David is 24, from Glasgow, who has been a local TV presenter as well as a pub band musician. He entered the Academy when student Naomi Roberts dropped out with voice problems.

David Sneddon
David: Musical influences include Van Morrison and The Beatles
"The first thing that's going to change if I win is that is I'll be living in London. I've never lived out of Glasgow before. We're all good mates from the Academy so we'll all be living there.

"We haven't got a clue what happens next. The first thing I am going to do is relax over Christmas - even if I win. I know that the hard work begins in January.

"The best is being able to perform your own songs. That's what I am - I'm a singer-songwriter, that's why I came to the Academy really, and to get the opportunity to do one of your own songs on national TV is one of the highlights of my life.

"The worst point is just being cut off from the outside world. Getting a three-minute phone call every week to speak to friends and family, it's not enough, and it makes you feel a little bit homesick.

"I've learned a lot of technique about my voice. I thought singing was just singing, I've never had lessons before but some of the things I've learned about my voice, and I know that when I leave here I'll be using those techniques for the rest of my life.

"I've enjoyed the whole experience - I know that people are going to ask what was the best thing about it, but you just can't explain it. Every day there has been something to laugh about.

"How much credibility can you get from a reality TV show? But we, at least the last few of us, have shown we're not the next churned out pop act. The songwriting makes it stand out from the other shows."


Lemar Obika

Lemar, 24, from north London, works in a high street bank but has sung professionally for five years as well.

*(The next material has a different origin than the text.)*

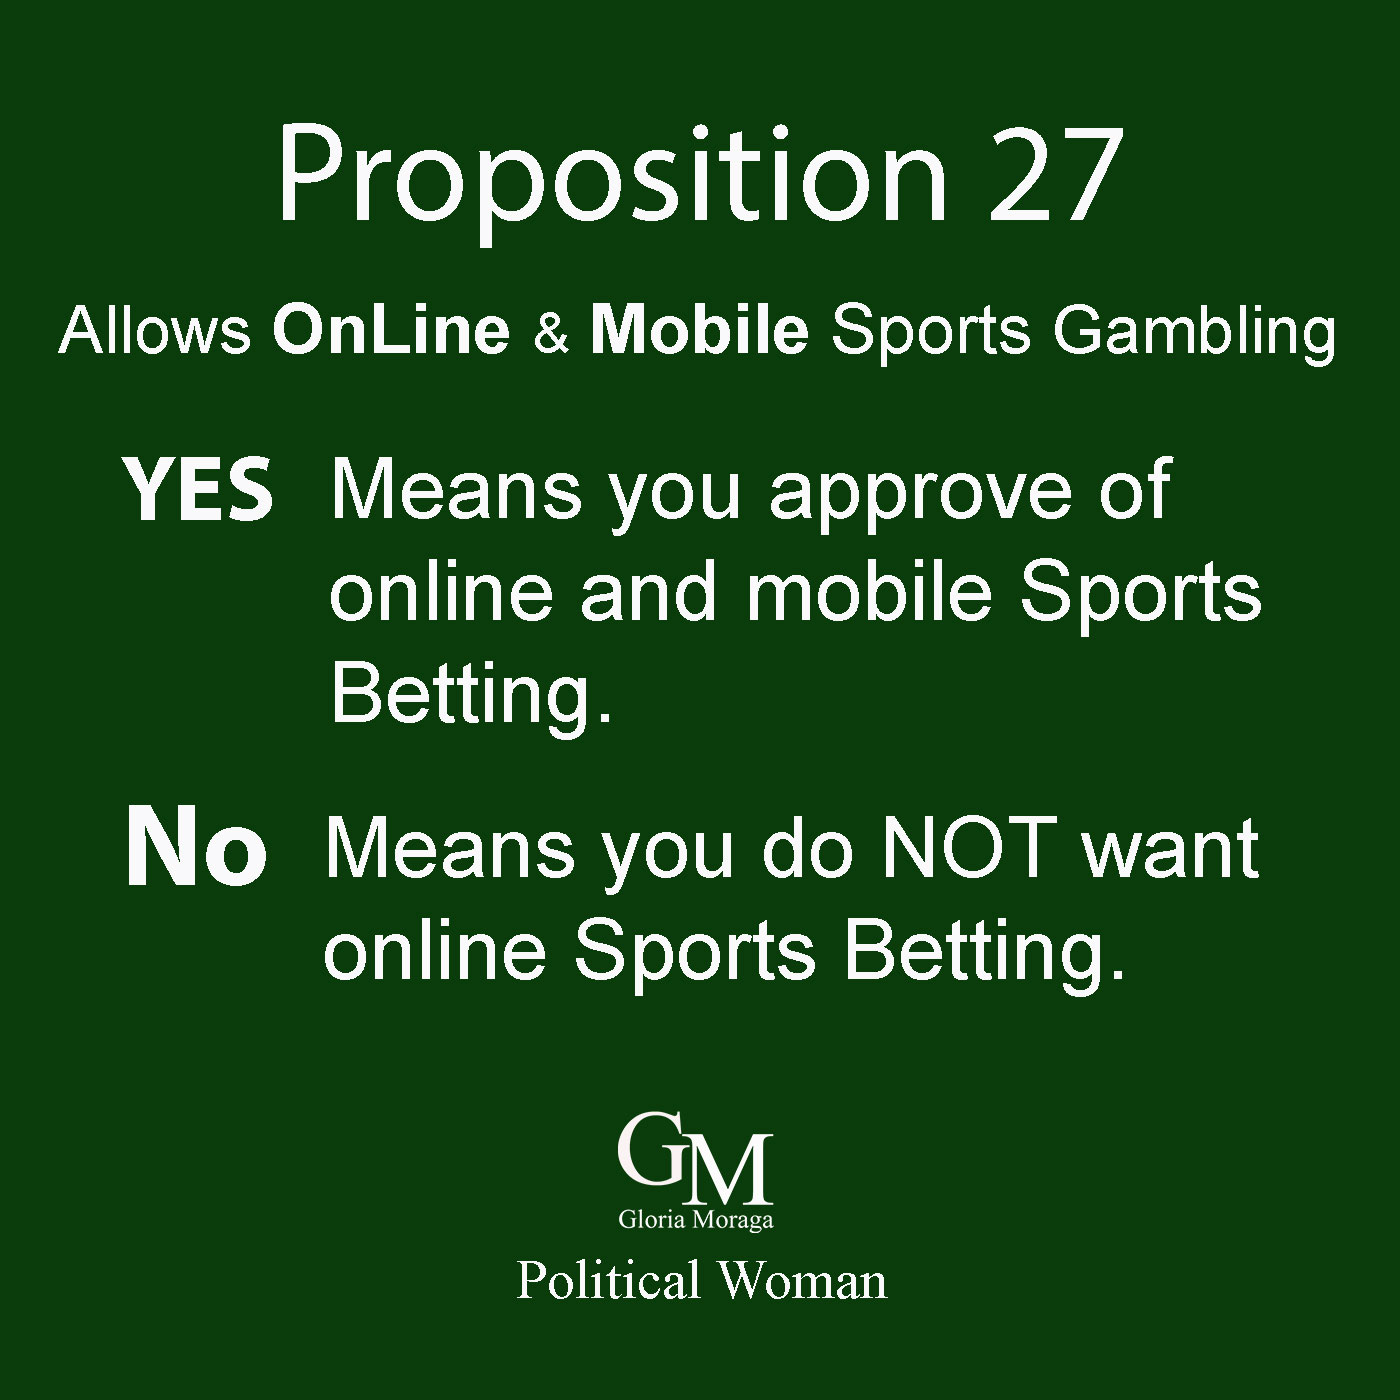 Proposition 27 Allows Online and Mobile Sports Gambling

"The best thing was doing a duet with Lionel Richie, that was an experience I will not forget, the guy is just great.

Lemar Obika
Lemar: Musical tastes are soul, R&B, pop and garage
"The worst point has been the fact that on Fridays you see your family and you can't speak to them, and that's just been the low point. You come down off the buzz of doing the show, you want to talk to people but you can't.

"And saying goodbye to other students, especially when it got down to so few of us. You really noticed it when someone went.

"I wouldn't say I'm a very private guy but I do like my privacy, so that's something I'll just have to get used to after the show.

"But I'm not sure if I'm famous or not because we don't have any contact with the outside world, so I just feel like the same guy who works at the bank.

"I've been given the opportunity to learn a few things about music. So far everyone's been nice, then when we went on the tour people have been showing appreciation, so if it continues in that way it'll be fine.

"I've learned a lot about vocal technique. My whole approach to singing a song now is different, I now feel like I'm trying to bring myself into each song. I've come on quite a bit in that area."